Classification Matrix (Analysis Services - Data Mining)
A classification matrix sorts all cases from the model into categories, by determining whether the predicted value matched the actual value. All the cases in each category are then counted, and the totals are displayed in the matrix. The classification matrix is a standard tool for evaluation of statistical models and is sometimes referred to as a confusion matrix.
The chart that is created when you choose the Classification Matrix option compares actual to predicted values for each predicted state that you specify. The rows in the matrix represent the predicted values for the model, whereas the columns represent the actual values. The categories used in analysis are false positive, true positive, false negative, and true negative
A classification matrix is an important tool for assessing the results of prediction because it makes it easy to understand and account for the effects of wrong predictions. By viewing the amount and percentages in each cell of this matrix, you can quickly see how often the model predicted accurately.

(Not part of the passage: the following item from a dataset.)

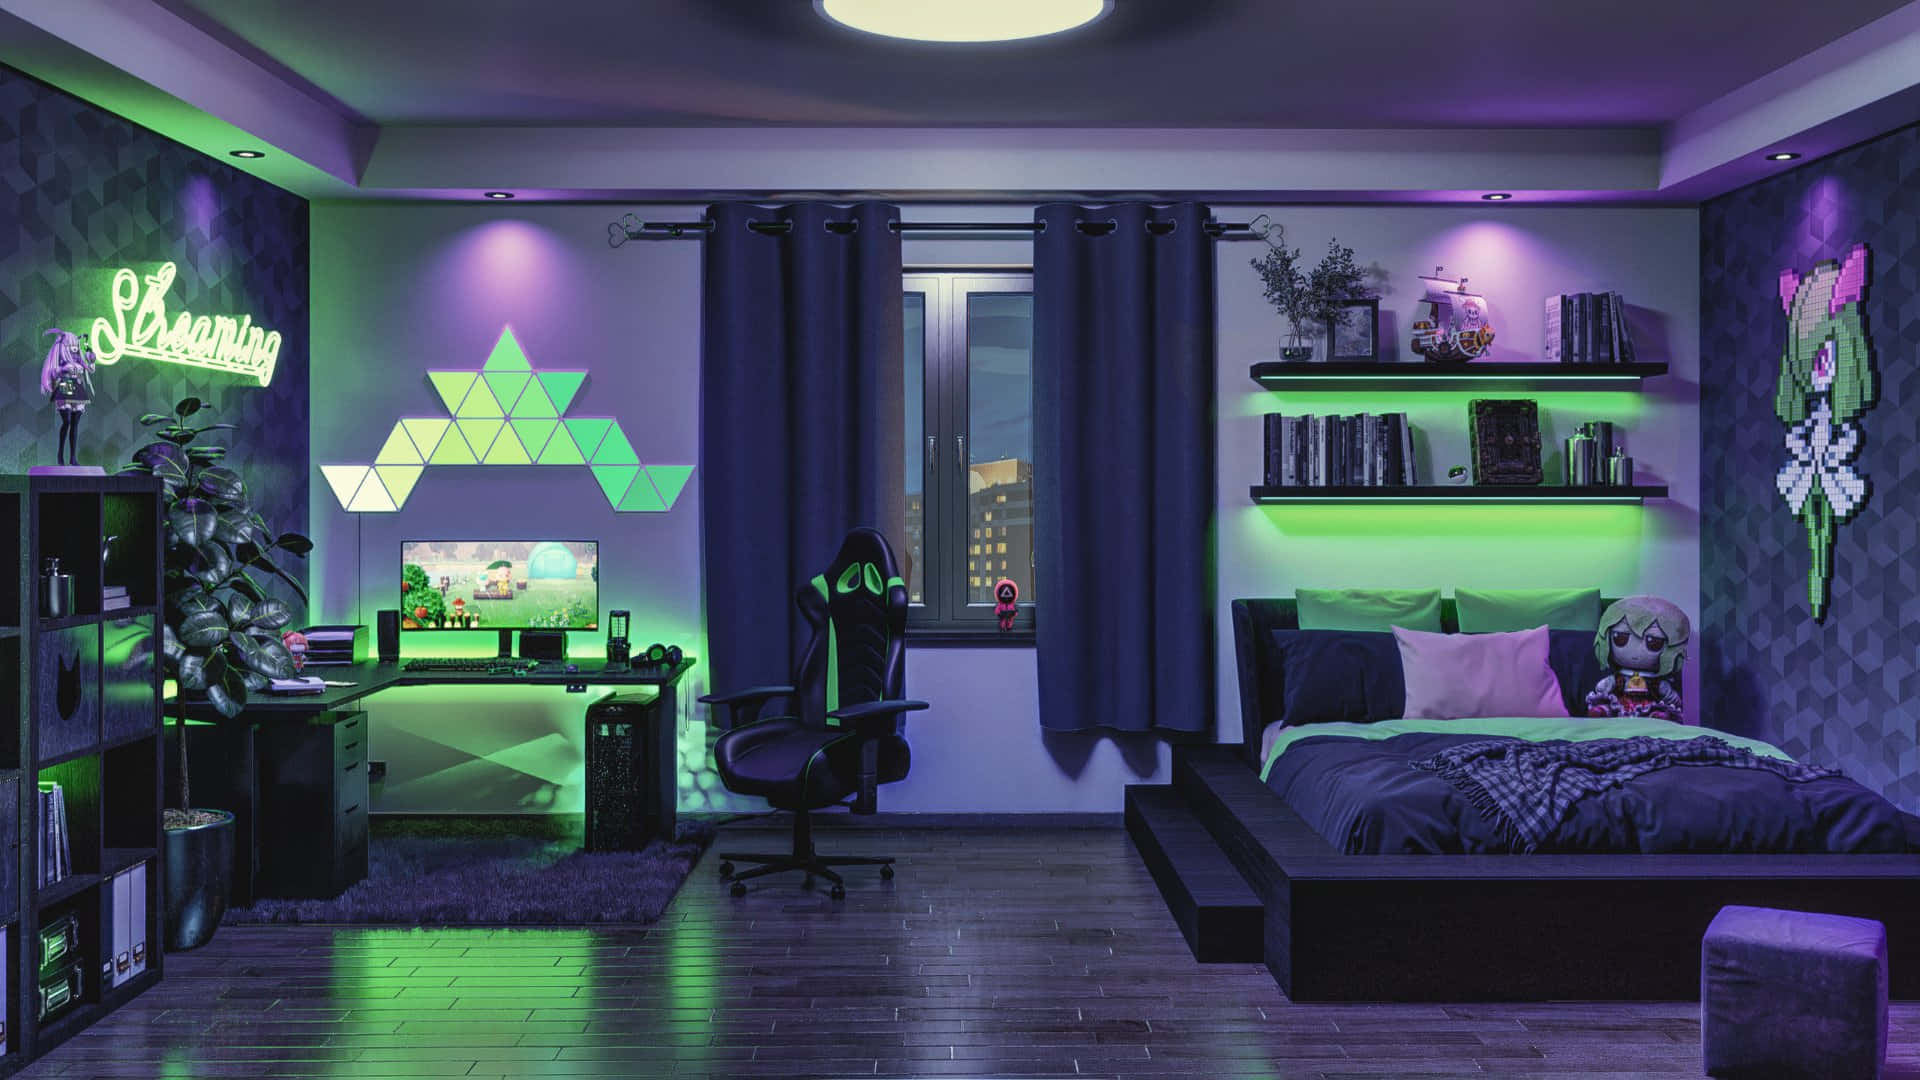 Einschlafzimmer Mit Grüner Und Lila Beleuchtung.

This section explains how to create a classification matrix and how to interpret the results.
Consider the model that you created as part of the Basic Data Mining Tutorial. The [TM_DecisionTree] model is used to help create a targeted mailing campaign, and can be used to predict which customers are most likely to buy a bike. To test this expected usefulness of this model, you use a data set for which the values of the outcome attribute, [Bike Buyer], are already known. Typically, you would use the testing data set that you set aside when you created the mining structure that is used for training the model.
There are only two possible outcomes: yes (the customer is likely to buy a bike), and no (the customer will likely not purchase a bike). Therefore, the resulting classification matrix is relatively simple.
The following table shows the classification matrix for the TM_DecisionTree model. Remember that for this predictable attribute, 0 means No and 1 means Yes.
The first result cell, which contains the value 362, indicates the number of true positives for the value 0. Because 0 indicates that the customer did not purchase a bike, this statistic tells you that model predicted the correct value for non bike-buyers in 362 cases.
The cell directly underneath that one, which contains the value 121, tells you the number of false positives, or how many times the model predicted that someone would buy a bike when actually they did not.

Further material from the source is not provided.